If this option is set and libcurl has been built with the standard name resolver, timeouts cannot occur while the name resolve takes place. Consider building libcurl with the c-ares or threaded resolver backends to enable asynchronous DNS lookups, to enable timeouts for name resolves without the use of signals.

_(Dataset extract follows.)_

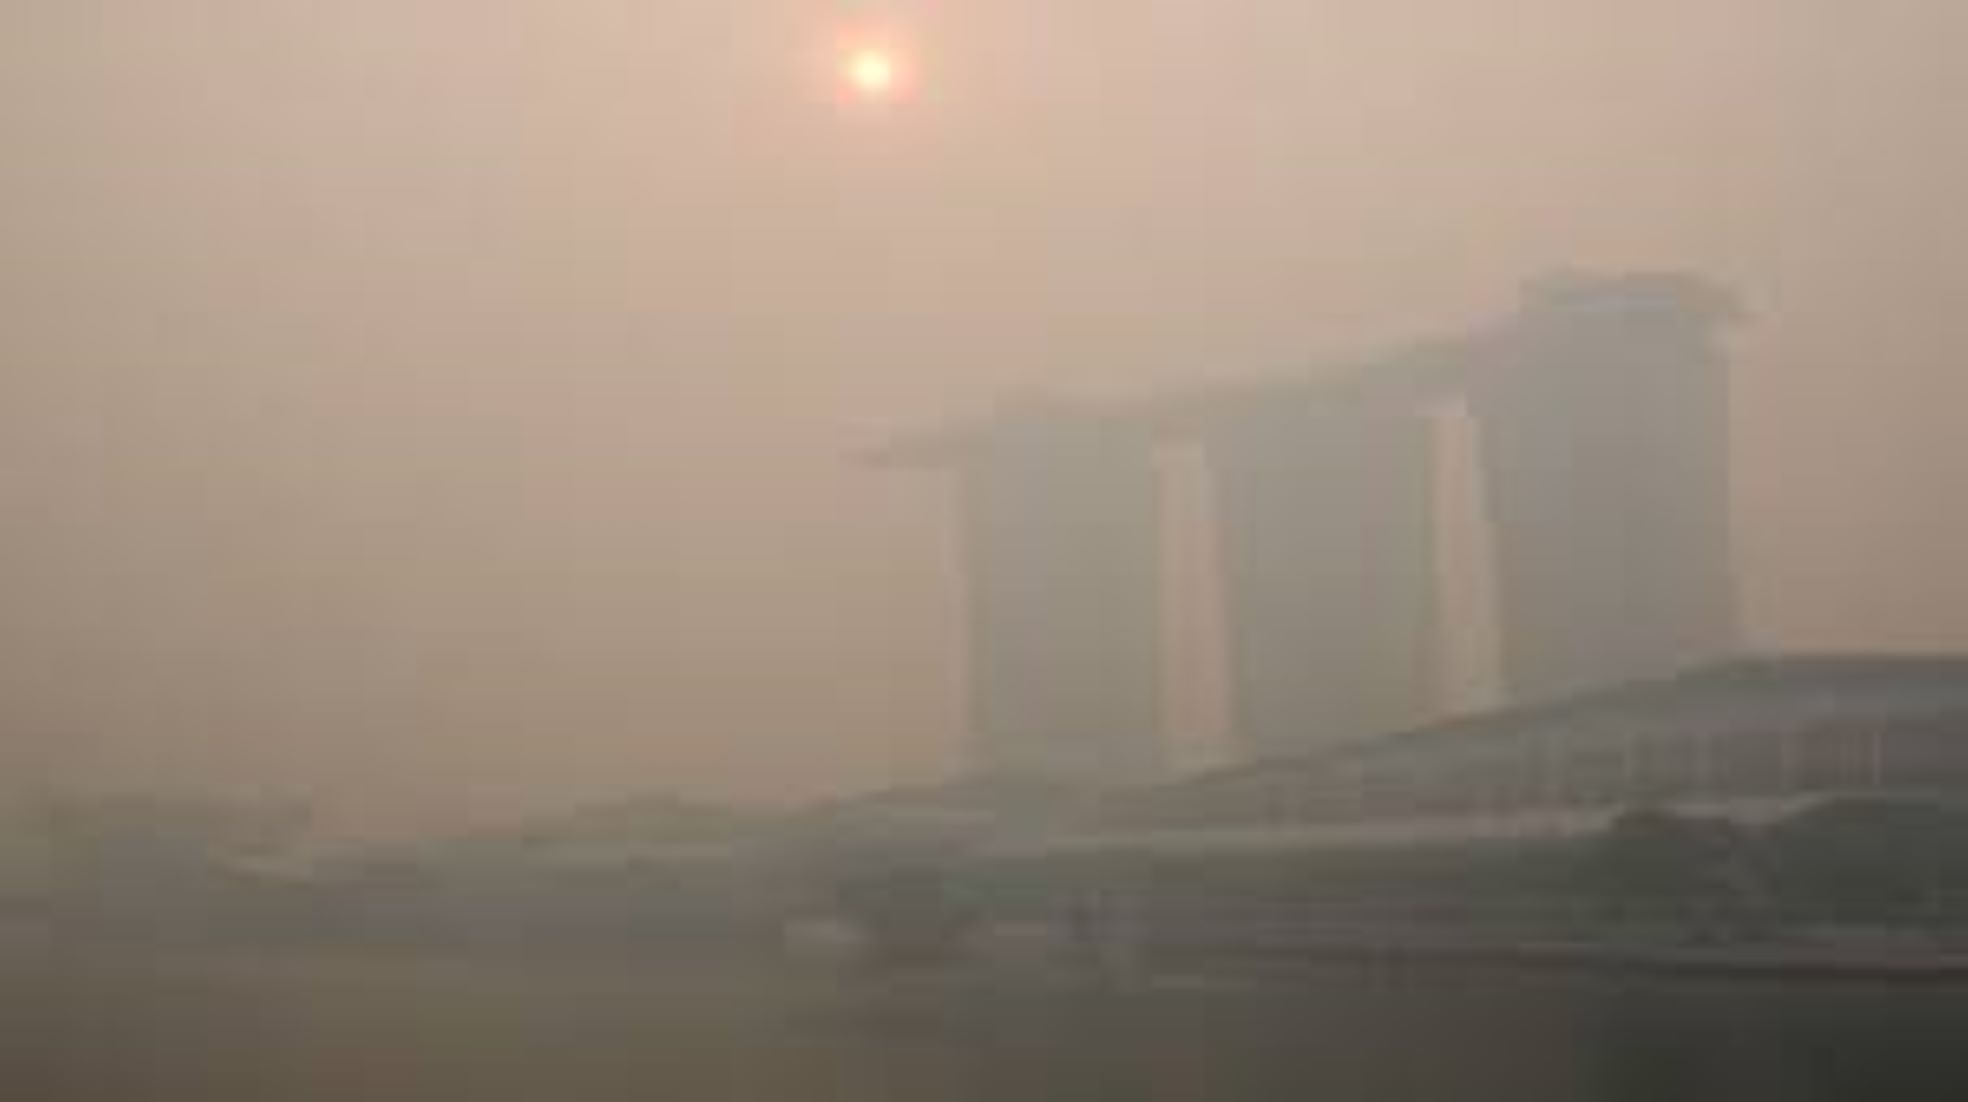 Haze Deteriorates Singapore’s Air Quality

Setting CURLOPT_NOSIGNAL(3) to 1 makes libcurl NOT ask the system to ignore SIGPIPE signals, which otherwise are sent by the system when trying to send data to a socket which is closed in the other end. libcurl makes an effort to never cause such SIGPIPE signals to trigger, but some operating systems have no way to avoid them and even on those that have there are some corner cases when they may still happen, contrary to our desire. In addition, using CURLAUTH_NTLM_WB authentication could cause a SIGCHLD signal to be raised.
DEFAULT
0
PROTOCOLS
All
EXAMPLE
int main(void)
{
CURL *curl = curl_easy_init();
if(curl) {
CURLcode res;
curl_easy_setopt(curl, CURLOPT_URL, "https://example.com/");
curl_easy_setopt(curl, CURLOPT_NOSIGNAL, 1L);
res = curl_easy_perform(curl);
curl_easy_cleanup(curl);
}
}
AVAILABILITY
Added in 7.10
RETURN VALUE
Returns CURLE_OK if the option is supported, and CURLE_UNKNOWN_OPTION if not.